The model is still intentionally small:

```text
raw modality -> per-frame or static handcrafted features -> window temporal statistics -> softmax classifier
```

For each 20-frame window:

- Motion signals use mean/std/min/max/delta/velocity statistics.
- Depth uses global depth stats plus a small normalized depth grid and confidence grid.
- Each video stream uses color stats, color histograms, a small grayscale grid, and simple edge stats.
- Audio uses per-frame waveform/spectral statistics and log-spaced spectral band energies.
- Text uses a hashed bag-of-words vector from objects and interaction text.
- Point cloud and calibration are included as static episode-level features.

Current feature blocks:

```text
hand_left_joints:                  441
hand_right_joints:                 441
body_joints:                      1092
body_contacts:                     147
camera_translation:                 21
camera_rotation_matrix:             63
imu_accel_gyro:                     42
depth_confidence:                  980
video_fisheye_cam0:                686
video_fisheye_cam1:                686
video_fisheye_cam2:                686
video_fisheye_cam3:                686
video_stereo_left:                 686
video_stereo_right:                686
audio_fisheye_cam0_aac:            168
caption_objects_interaction_text:  896
slam_point_cloud:                   22
calibration:                       117
total:                            8546
```

## Run Commands

Action prediction:

```bash
cd /path/to/Ropedia
source .venv/bin/activate
python scripts/train_all_modalities_model.py
```

Subtask prediction:

```bash
python scripts/train_all_modalities_model.py --target subtask
```

The first run builds reusable caches in:

```text
outputs/feature_cache/
```

## Current Results

Action-label model:

```text
outputs/min_all_modalities_action_model/
accuracy:          0.9828
balanced_accuracy: 0.9856
macro_f1:          0.9829
weighted_f1:       0.9863
majority_baseline: 0.1375
classes:           18
feature_dim:       8546
test_windows:      291
```

Subtask-label model:

```text
outputs/min_all_modalities_subtask_model/
accuracy:          0.9828
balanced_accuracy: 0.9505
macro_f1:          0.9173
weighted_f1:       0.9841
majority_baseline: 0.1448
classes:           14
feature_dim:       8546
test_windows:      290
```

## How To Interpret This

This proves that the full sample can be converted into a complete supervised learning pipeline on this Mac.

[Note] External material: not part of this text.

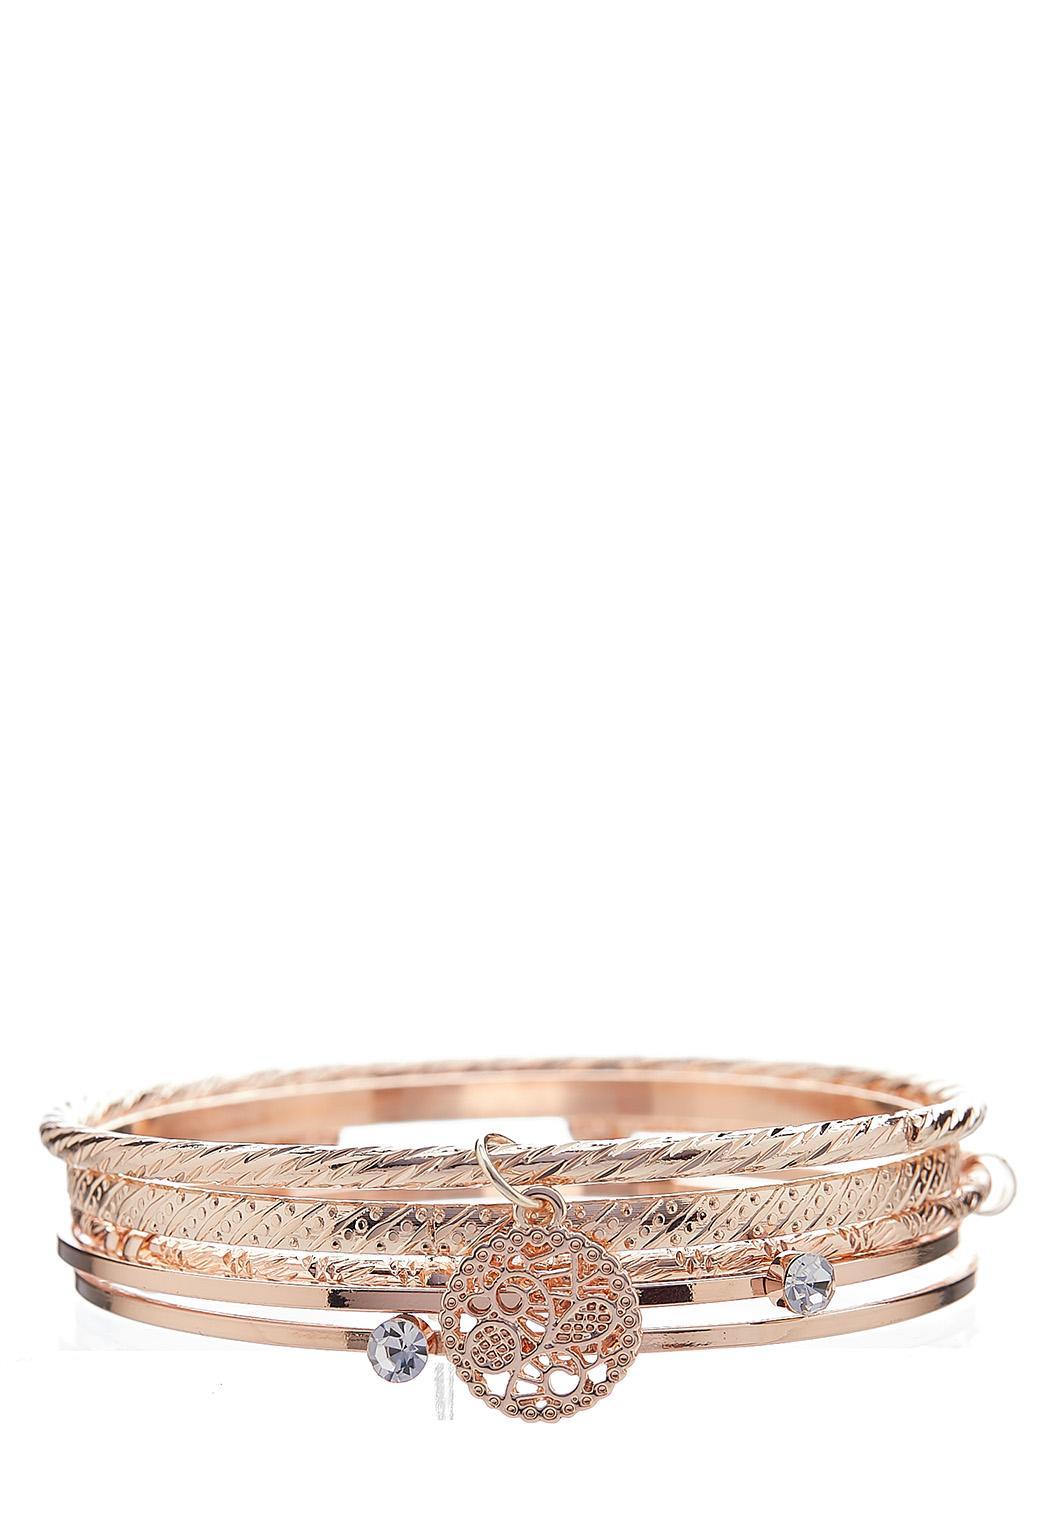 XL Gold Bangle Bracelet Set
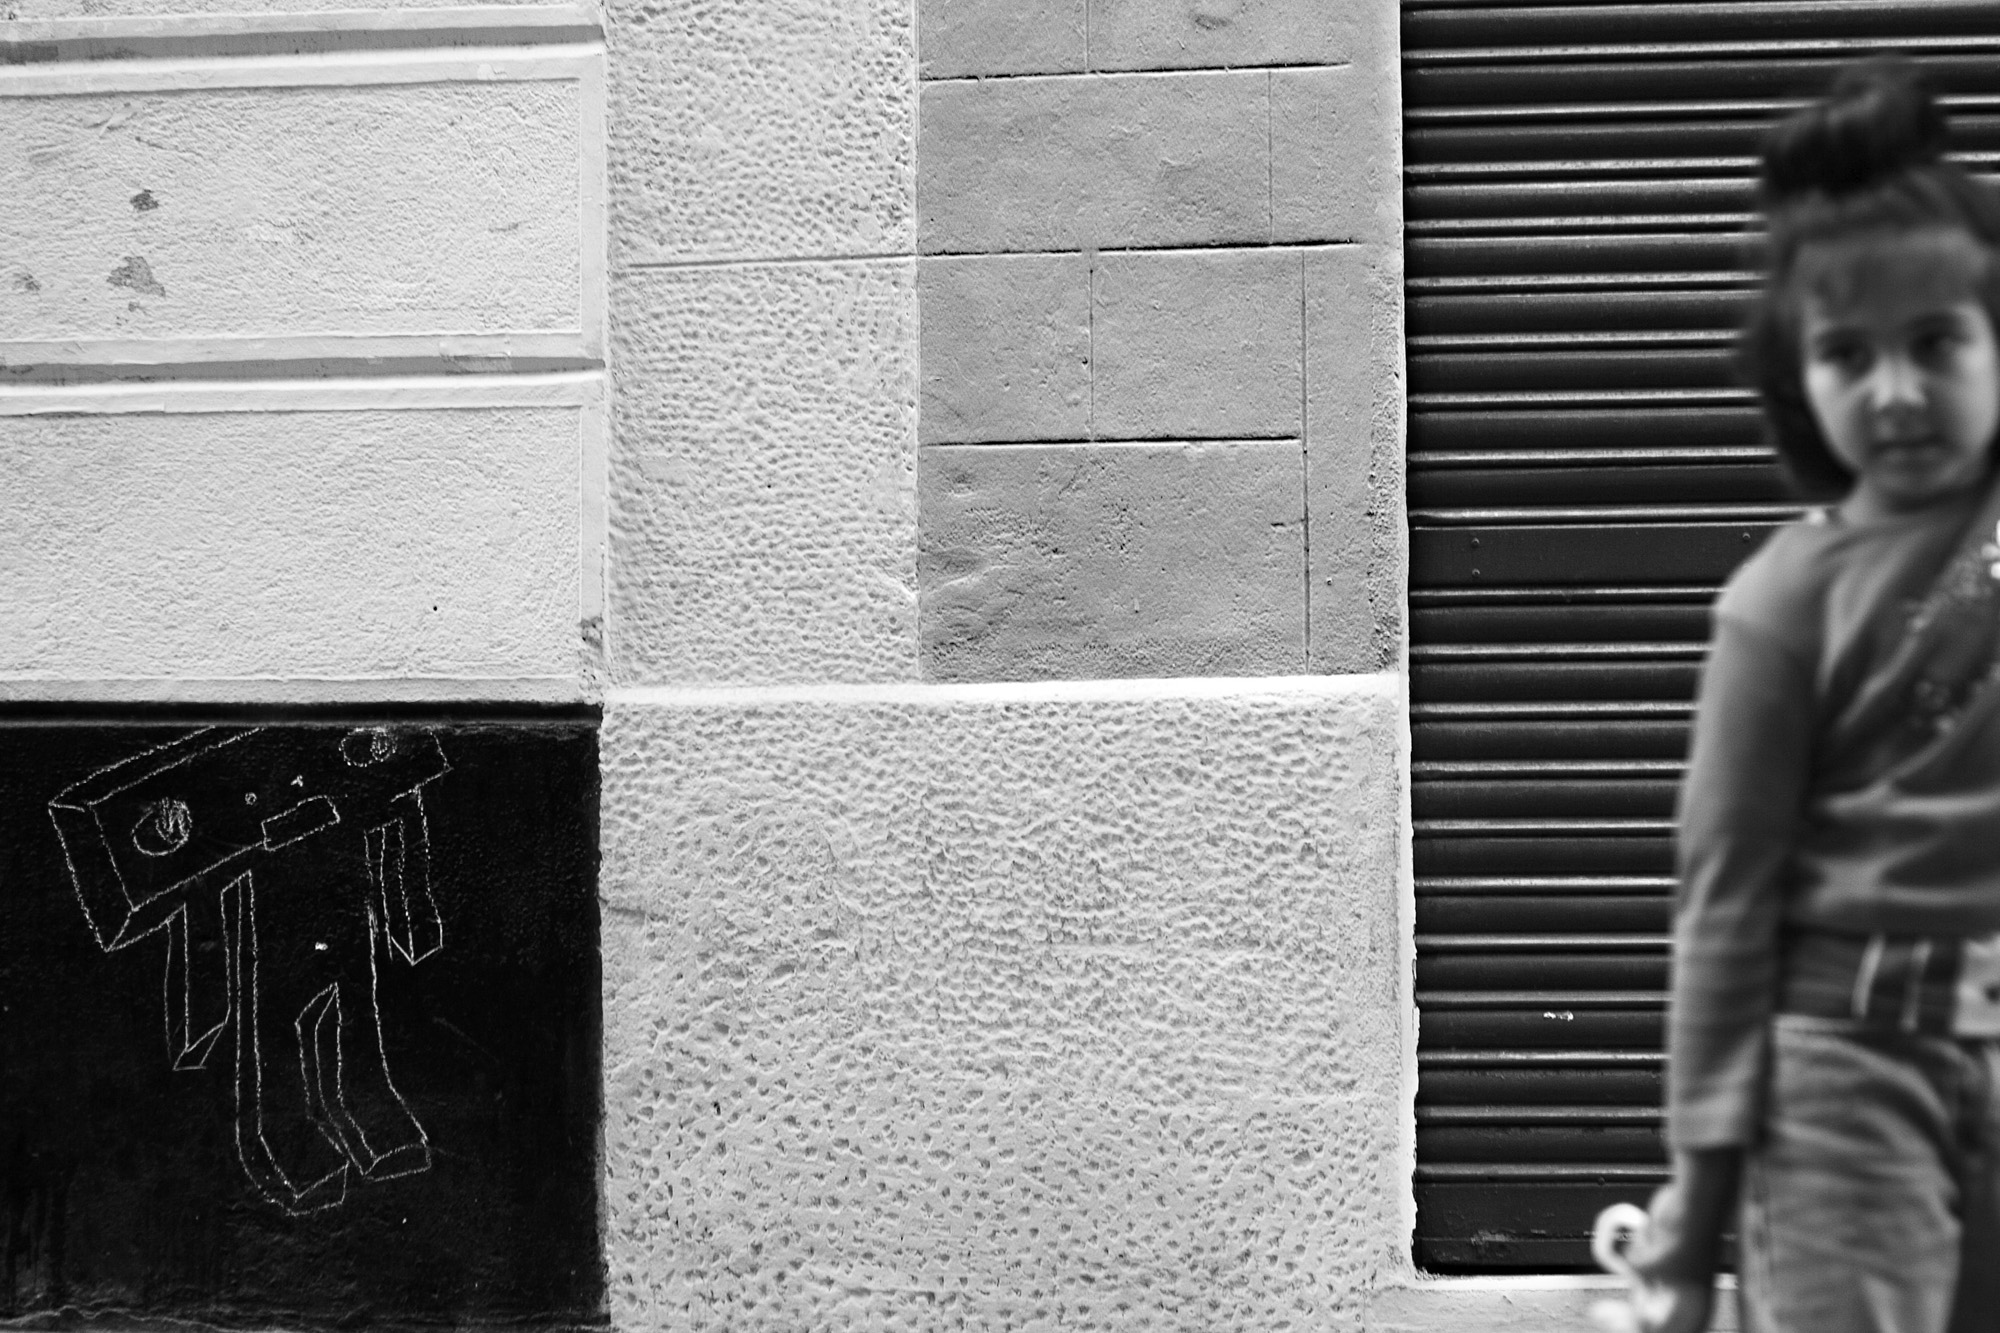 004testigos_anazaragoza.jpg

It does **not** prove real generalization, because the public sample is one episode and the split is random windows from that same episode. Neighboring windows are correlated.

For a serious embodied-AI experiment:

```text
many episodes
-> cache features per episode
-> split by episode or task instance
-> train on some episodes
-> test on unseen episodes
```

The next useful upgrade is not a bigger classifier. It is a better split and more episodes.